Navalny’s mother appeals to Putin to release her son’s body so she can bury him with dignity



The mother of Russian opposition leader Alexei Navalny appealed to President Vladimir Putin on Tuesday to intervene and hand over her son’s body so she could bury him with dignity.

Lyudmila Navalnaya, who has been trying to get his body since Saturday, appeared in a video outside the Arctic penal colony where Navalny died on Friday.

“I haven’t been able to see him since the fifth day. They didn’t want to give me his body. And they don’t even tell me where he is,” a black-clad Navalnaya said in the video, looking at the barbed wire at Penal Colony No. 3 in Charp, about 1,900 kilometers (1,200 miles) northeast of Moscow.

“I turn to you, Vladimir Putin. The solution to this matter depends solely on you. Let me finally see my son. “I demand that Alexei’s body be released immediately so that I can bury him like a human being,” she said in the video posted on social media by Navalny’s team.

Russian authorities said Navalny’s cause of death was still unknown and refused to release his body for the next two weeks while the preliminary investigation continued, members of his team said.

They accused the government of trying to hide evidence. On Monday, Navalny’s widow Yulia released a video accusing Putin of killing her husband and claiming the refusal to release his body was part of a cover-up.

“They cowardly and meanly hide his body, refuse to give it to his mother and lie pathetically,” she said.

Lyudmila Navalnaya and her son’s lawyers went to law enforcement and to the morgue where the body is believed to be kept in the Arctic, but were unable to get them to hand it over or say where it was.

Kremlin spokesman Dmitry Peskov dismissed allegations of a cover-up, telling reporters: “These are absolutely unfounded, outrageous accusations against the Russian head of state.”

With Navalny’s death, the Russian opposition has lost its best-known and inspirational politician, less than a month before an election that will almost certainly give Putin another six years in power. Many Russians saw in Navalny a rare hope for political change amid Putin’s relentless crackdown on the opposition.

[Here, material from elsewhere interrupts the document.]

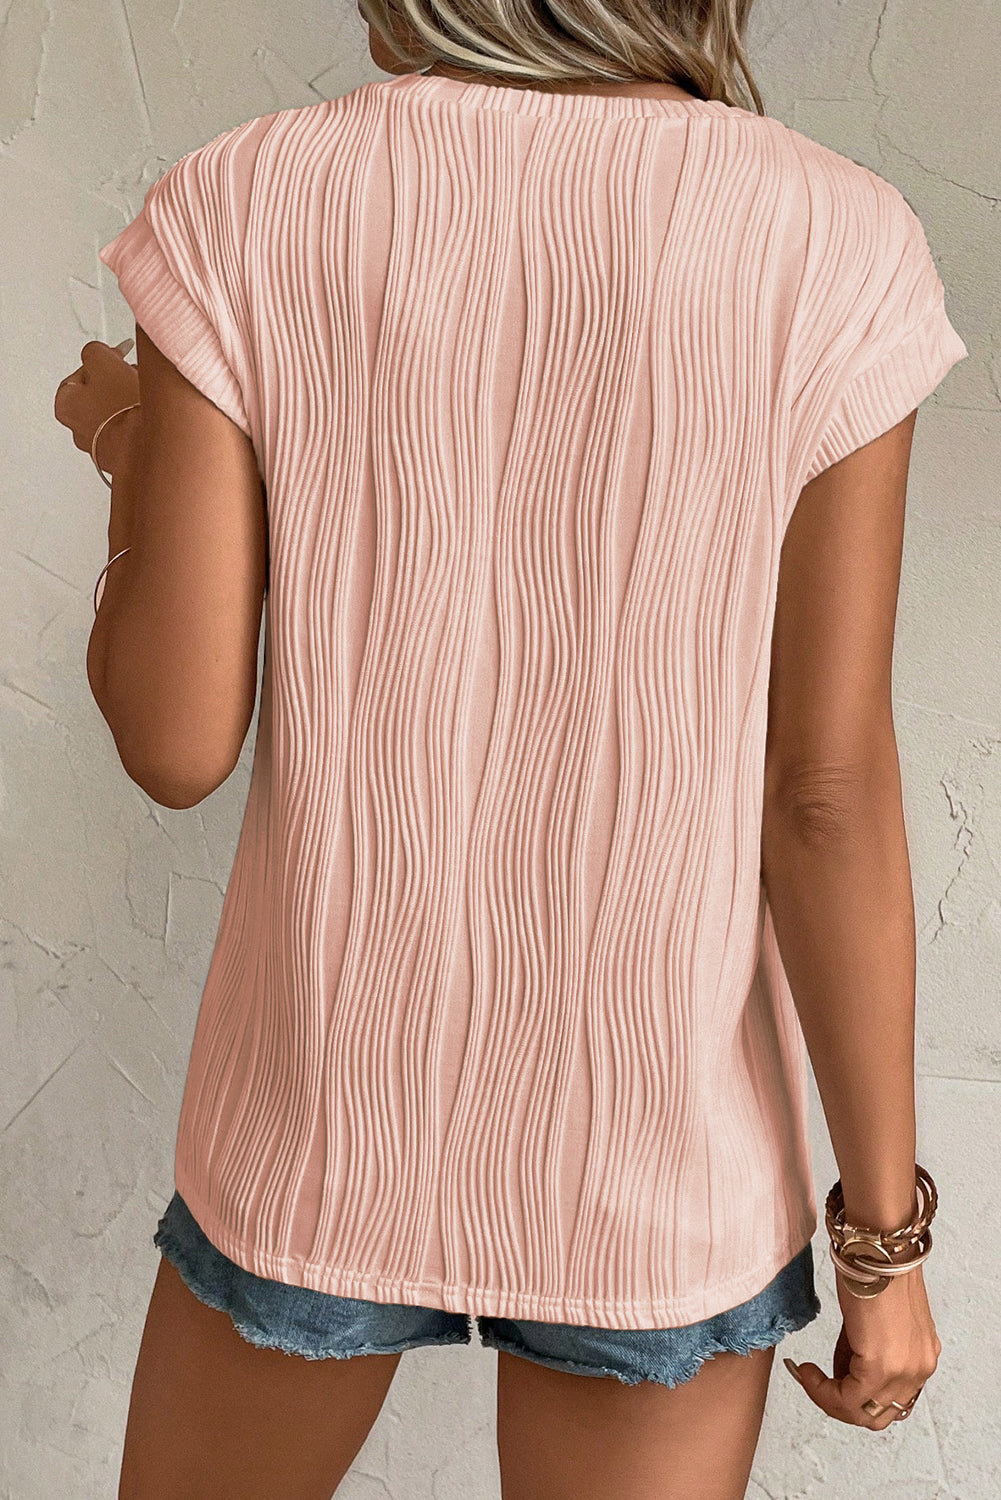 Pink Solid Color Wavy Textured Cap Sleeve Top

In her Monday video, Yulia Navalnaya promised to continue her fight against the Kremlin. On Tuesday, her account on X, where she posted the video, was blocked by the platform without explanation.

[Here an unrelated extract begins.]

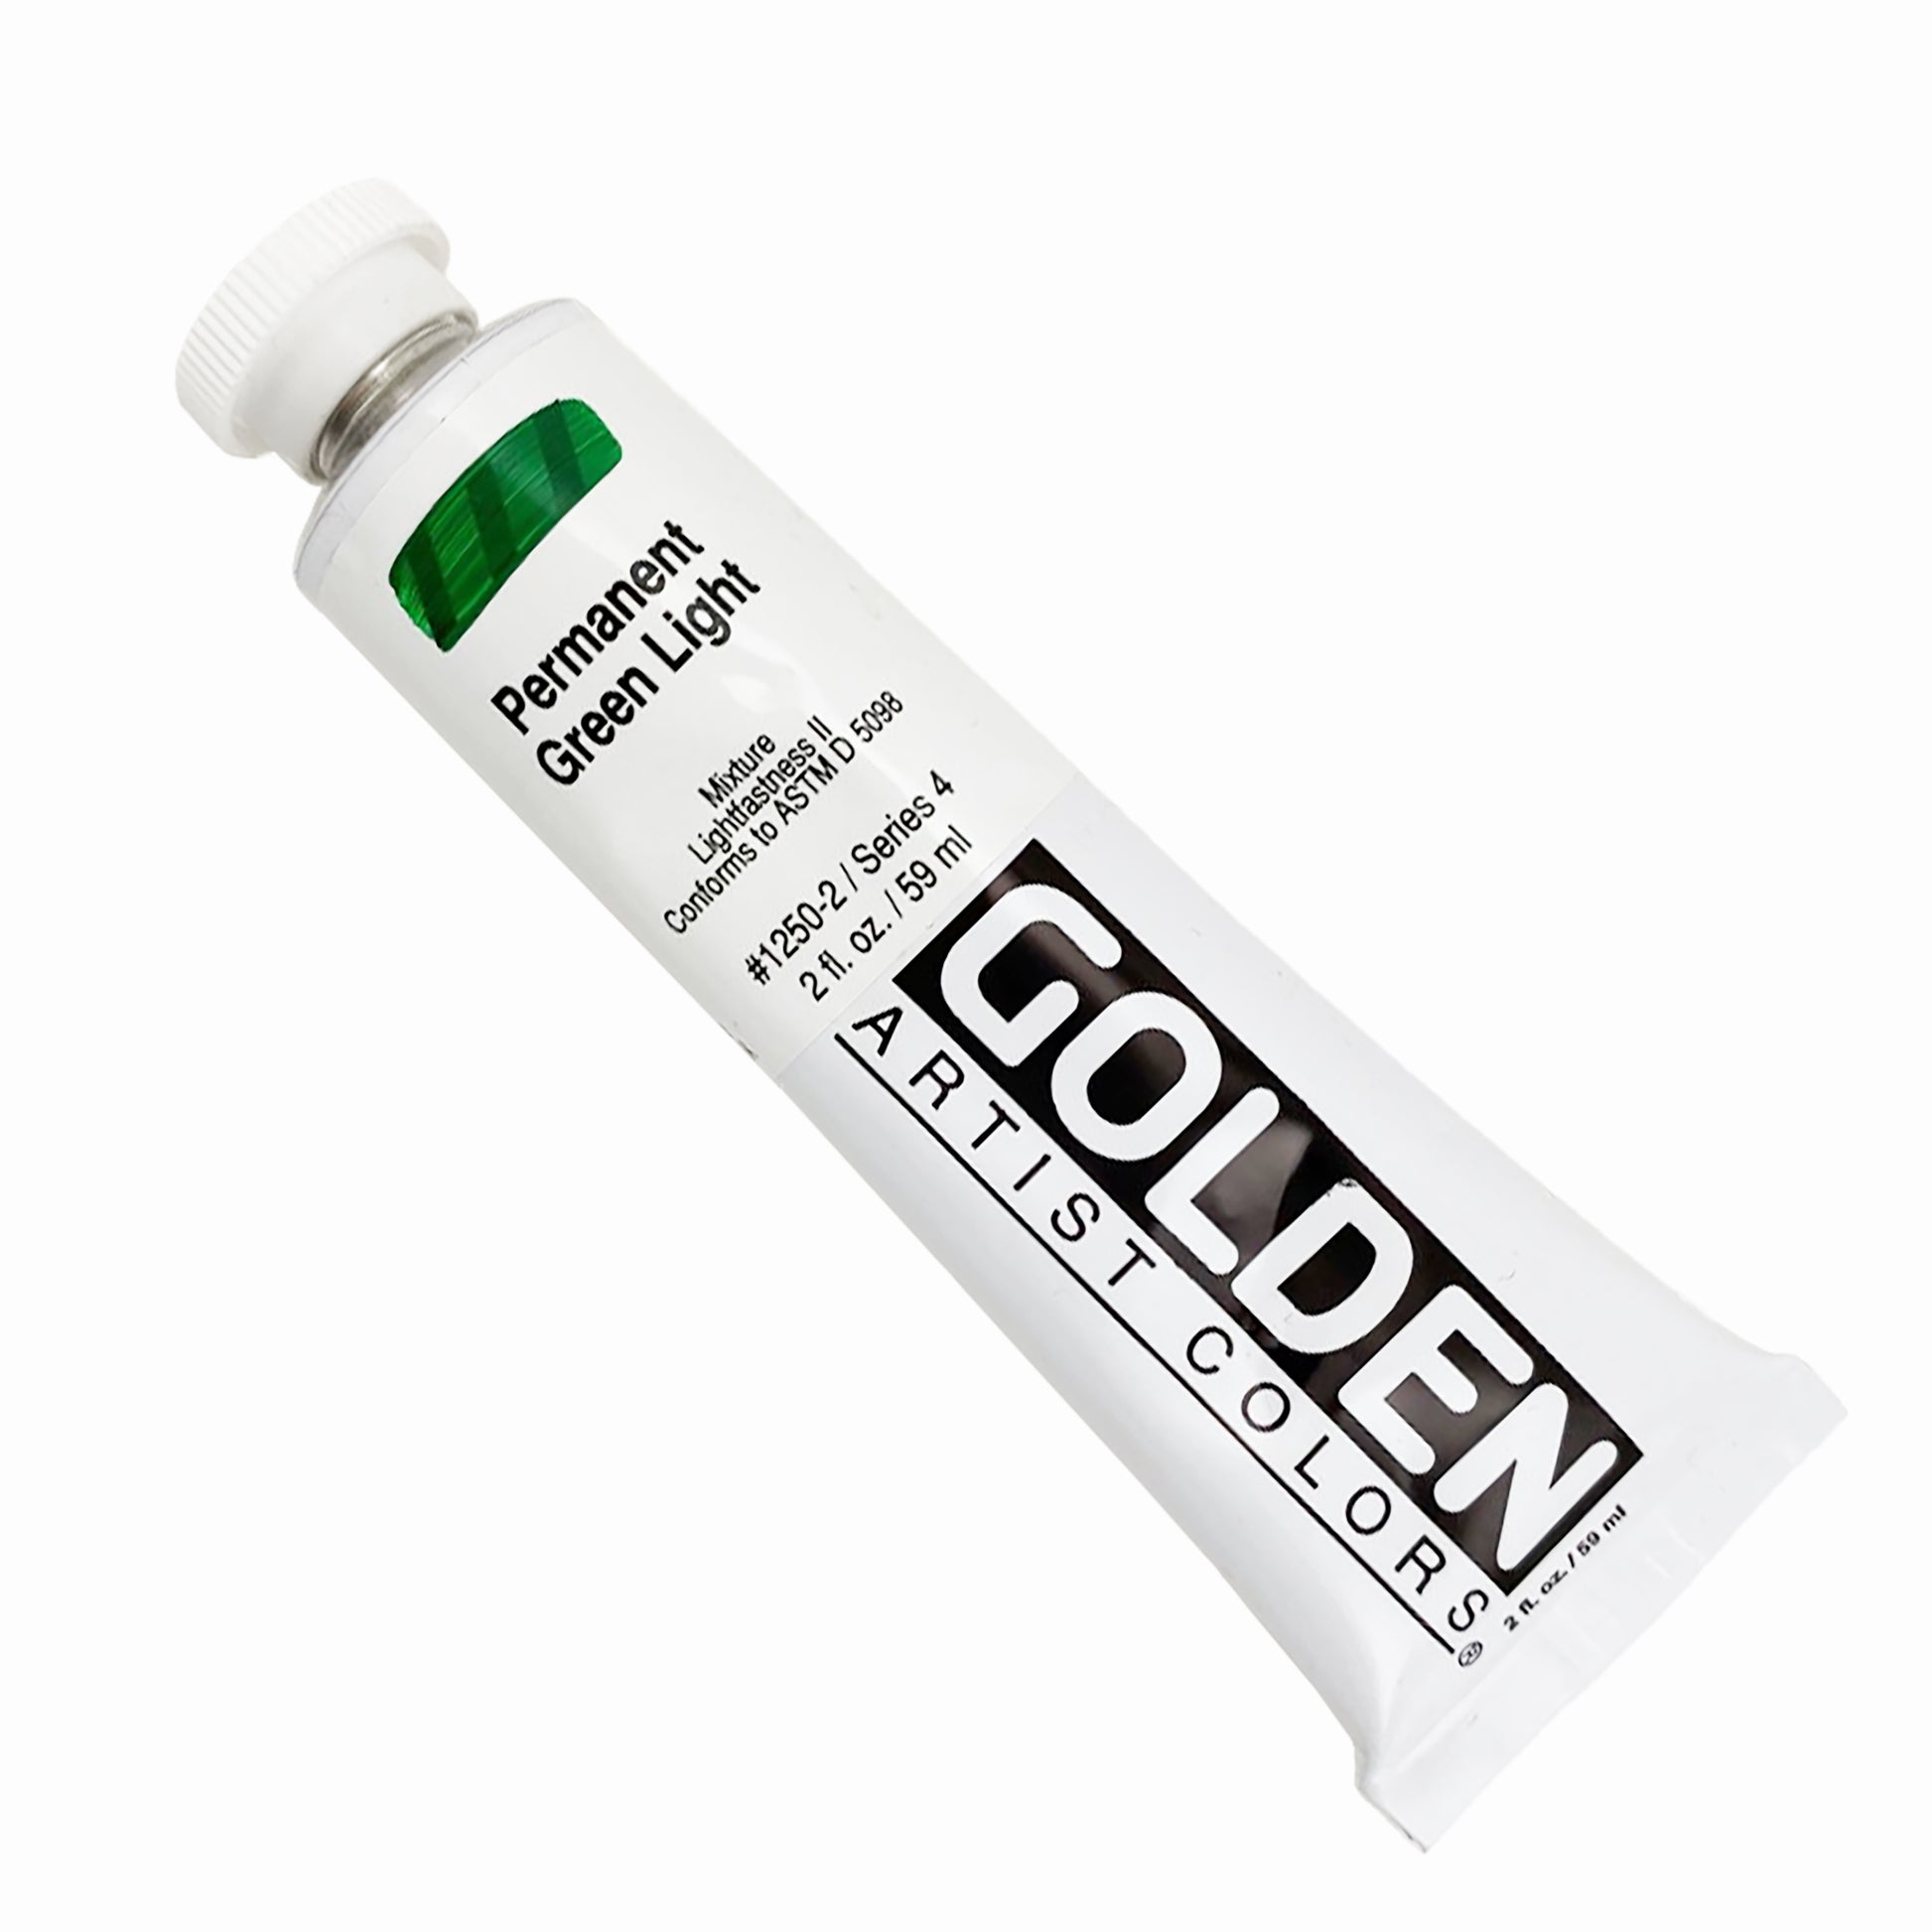 Golden Heavy Body Acrylic - Light Phthalo Green 2 oz.

In a speech on Monday to the European Union’s Foreign Affairs Council, she called on EU leaders not to recognize the results of next month’s elections, sanction more Putin allies and help Russians fleeing the country flee. A copy of her remarks was released Tuesday by Navalny spokeswoman Kira Yarmysh.

Navalny, 47, had been detained since January 2021, when he returned to Moscow after recovering in Germany from nerve agent poisoning that he blamed on the Kremlin. He has since received three prison sentences on charges he dismissed as politically motivated.

Josep Borrell, the European Union’s foreign policy chief, called for an international investigation into Navalny’s death, but Peskov said the Kremlin would not agree to such a demand.

About 400 people have been arrested across Russia since Navalny’s death as they tried to pay tribute to him with flowers and candles, according to OVD-Info, a group that monitors political arrests. Authorities cordoned off some memorials to victims of Soviet repression across the country that served as sites for makeshift memorials to Navalny. At night the police removed the flowers, but new ones keep appearing.

Peskov said police acted “in accordance with the law” by arresting people who paid tribute to Navalny.

More than 60,000 people have applied to the government to hand over Navalny’s remains to his relatives, OVD-Info said.

After the latest verdict, which resulted in a 19-year prison sentence, Navalny said he understood that he was “serving a life sentence measured by the length of my life or the lifespan of this regime.”

In Monday’s video, his widow said: “By killing Alexei, Putin killed half of me, half of my heart and half of my soul.”

“But I still have the other half and it shows me that I have no right to give up. “I will continue the work of Alexei Navalny,” said Yulia Navalnaya.